The multiple alignment of the 6-TMH core of the rhomboid family (Fig. 1) was employed to construct a phylogenetic tree using the least-square algorithm with subsequent optimization using the maximum likelihood method (see Materials and Methods). Only the conserved regions including the TMH and short adjacent stretches shown in Figure 1 were used as the input for tree building, whereas the poorly conserved intervening regions were omitted to avoid the noise from potentially misaligned residues. The resulting phylogenetic tree of the rhomboid family presents a complex and unexpected picture (Fig. 2). Neither the eukaryotic nor the archaeal subsets of the family appear to form monophyletic clades. Instead, the eukaryotic rhomboids are split between two major subfamilies, which are positioned in the midst of different prokaryotic branches (Fig. 2). The first subfamily, which includes 6 of the 7 Drosophila rhomboids, clusters with a distinct prokaryotic assemblage, which consists primarily of Gram-positive bacteria as well as a subset of archaeal rhomboids; this clade is strongly supported by bootstrap analysis (Fig. 2). The proteins in this group of eukaryotic rhomboids, which we designated the RHO-subfamily, typically have an extra TMH added C-terminally of the 6-TMH core; some of these proteins also contain EF-hand Ca-binding domains N-terminally of the core (Fig. 2).

Figure 2
figure 2

Phylogenetic tree of the rhomboid family. The sequences and their regions used for the construction of the tree are exactly those shown in Fig. 1. The color coding and abbreviations are as in Fig. 1. The two major eukaryotic subfamilies are denoted as RHO and PARL (see text) and four clusters containing unexpected, from a phylogenetic viewpoint, sets of species are denoted 1-4. Although the tree is shown in a rooted form for convenience, this is an unrooted tree; in particular, the placement of the "root" in the midst of the PARL subfamily is arbitrary. Internal nodes with at least 70% RELL bootstrap supported are denoted by circles. Domain architectures are connected to the respective proteins by brackets or by lines. The domain key is shown in the bottom of the figure.

The second eukaryotic subfamily, which we designated the PARL-subfamily, after presenilin-associated rhomboid-like protein (PARL), the human ortholog of Drosophila Rhomboid 7 [6], resides within a large, heterogeneous prokaryotic cluster (Fig. 2). Within this subfamily, PARL and its orthologs from other animals and fungi, have a distinct domain architecture, with an extra TMH added to the N-terminus of the core, whereas the rest have only the core (a C-terminal TMH and a ubiquitin-associated domain are appended in one Arabidopsis protein; Fig. 2). Thus, the existence of two distinct subfamilies of eukaryotic rhomboids is supported by features of domain architectures that appear to comprise shared derived characters. Within these two major eukaryotic subfamilies, evolution apparently proceeded via both ancient and more recent duplications. Several lineage-specific expansions of paralogs [21] are noticeable, in insects, mammals and plants (Fig. 2).

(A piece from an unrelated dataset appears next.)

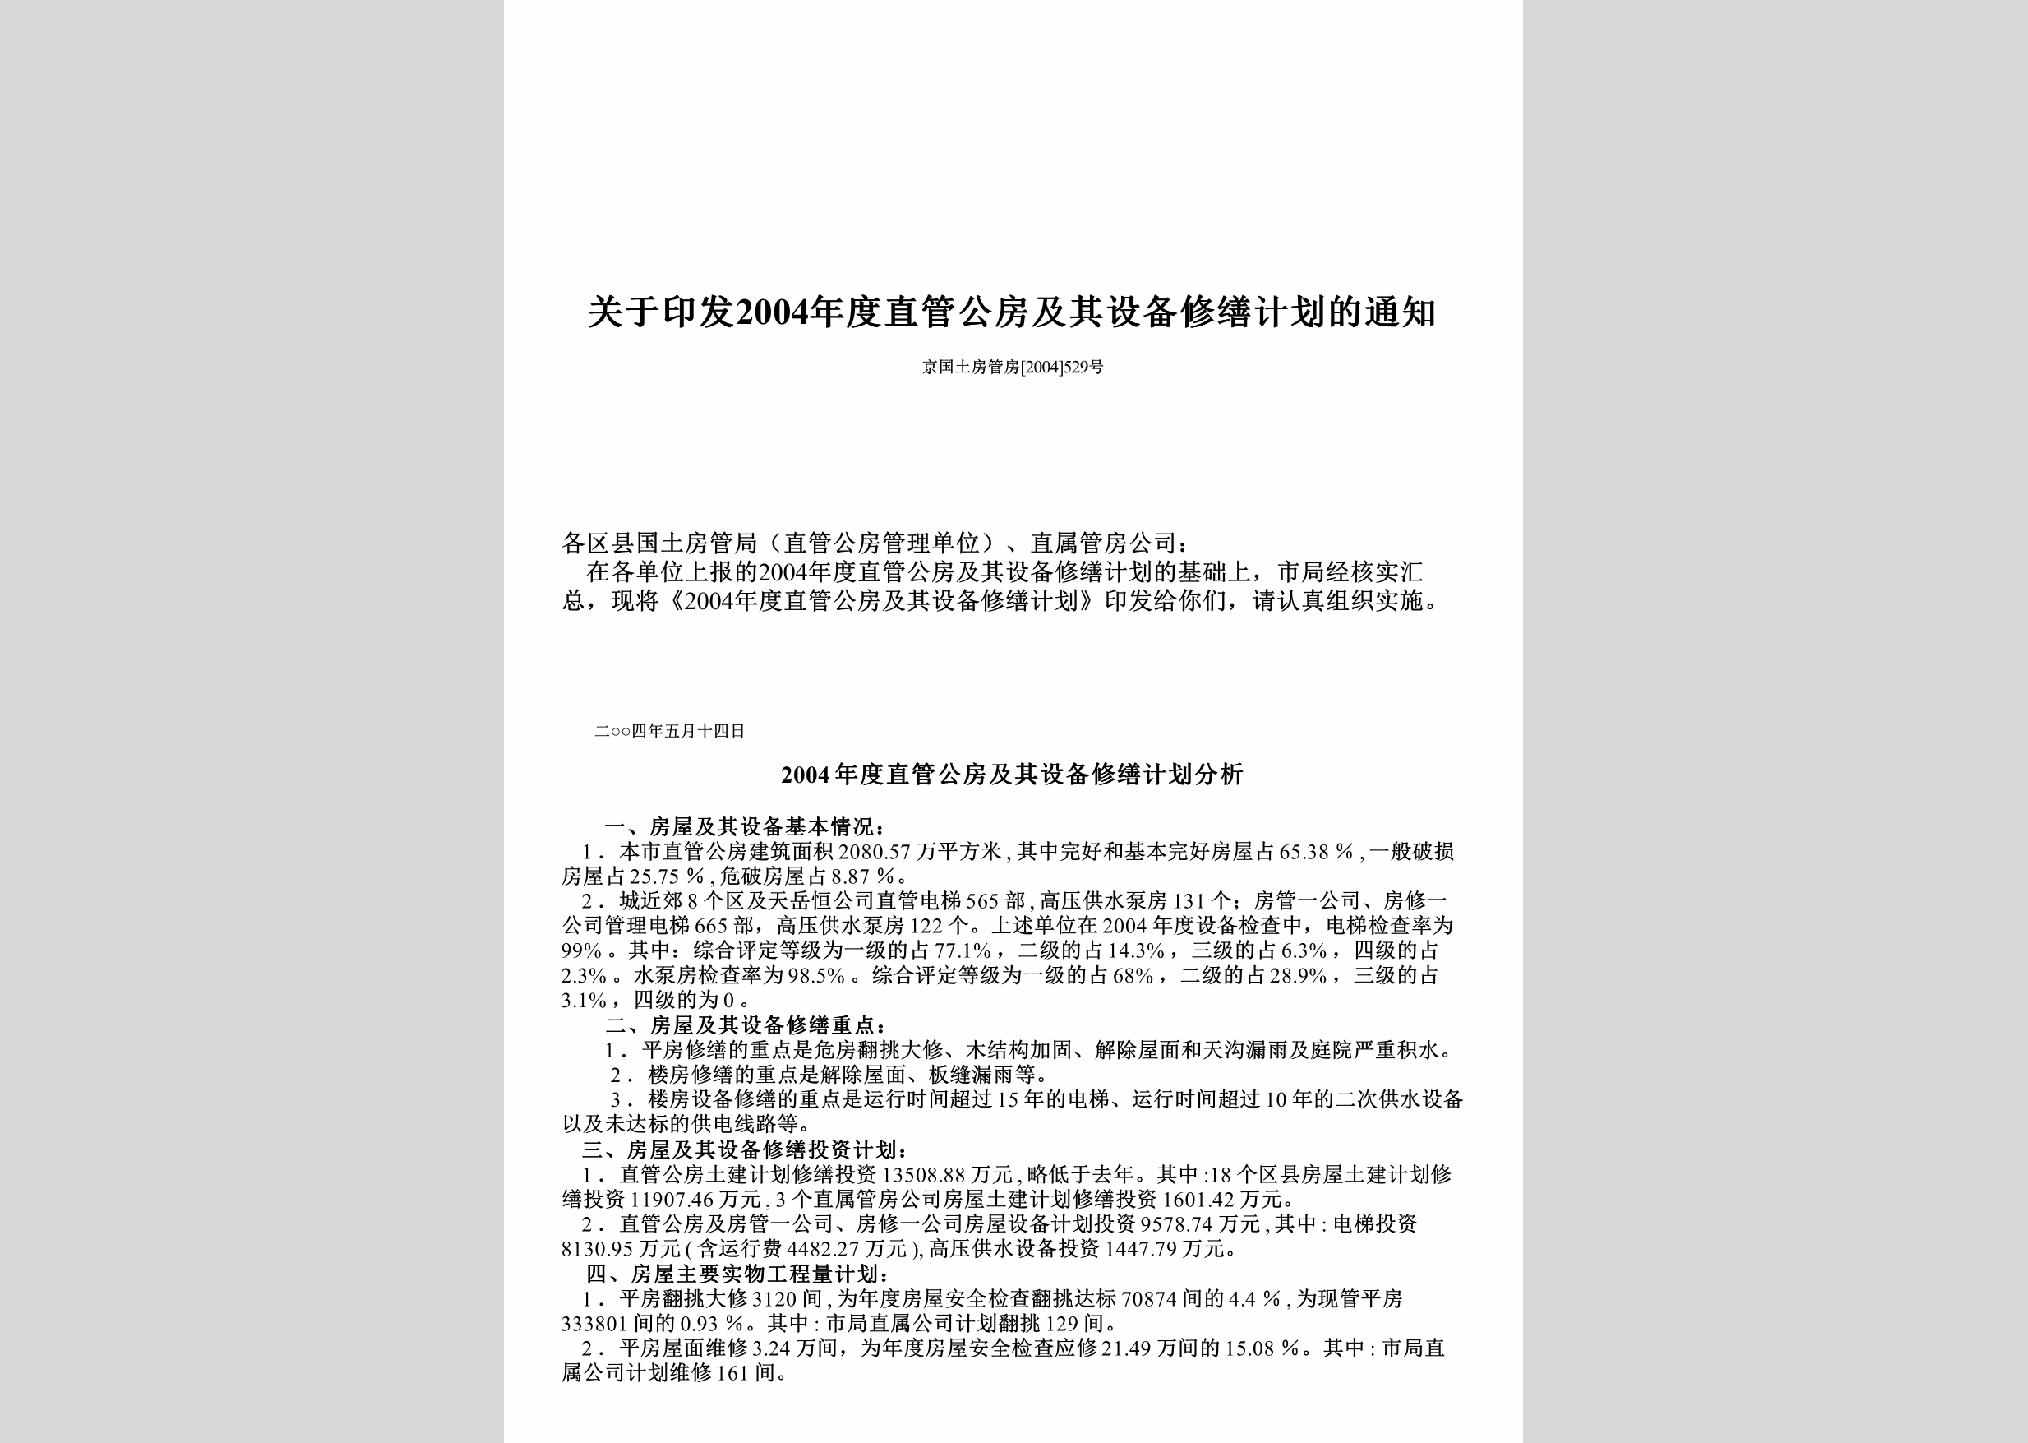 京国土房管房[2004]529号：关于印发2004年度直管公房及其设备修缮计划的通知

Archaeal rhomboids are scattered over the phylogenetic tree, with two major clusters and three more isolated proteins joining different bacterial branches (Fig. 2). There is no indication of an affinity between any of the archaeal and eukaryotic rhomboids. Although many of the bacterial rhomboids form phylogenetically coherent clusters corresponding to the established bacterial lineages, there are also several clusters that have odd composition, such as grouping of proteobacterial and Gram-positive species; some of these clusters are well supported by bootstrap (see clusters 1-4 in Fig. 2).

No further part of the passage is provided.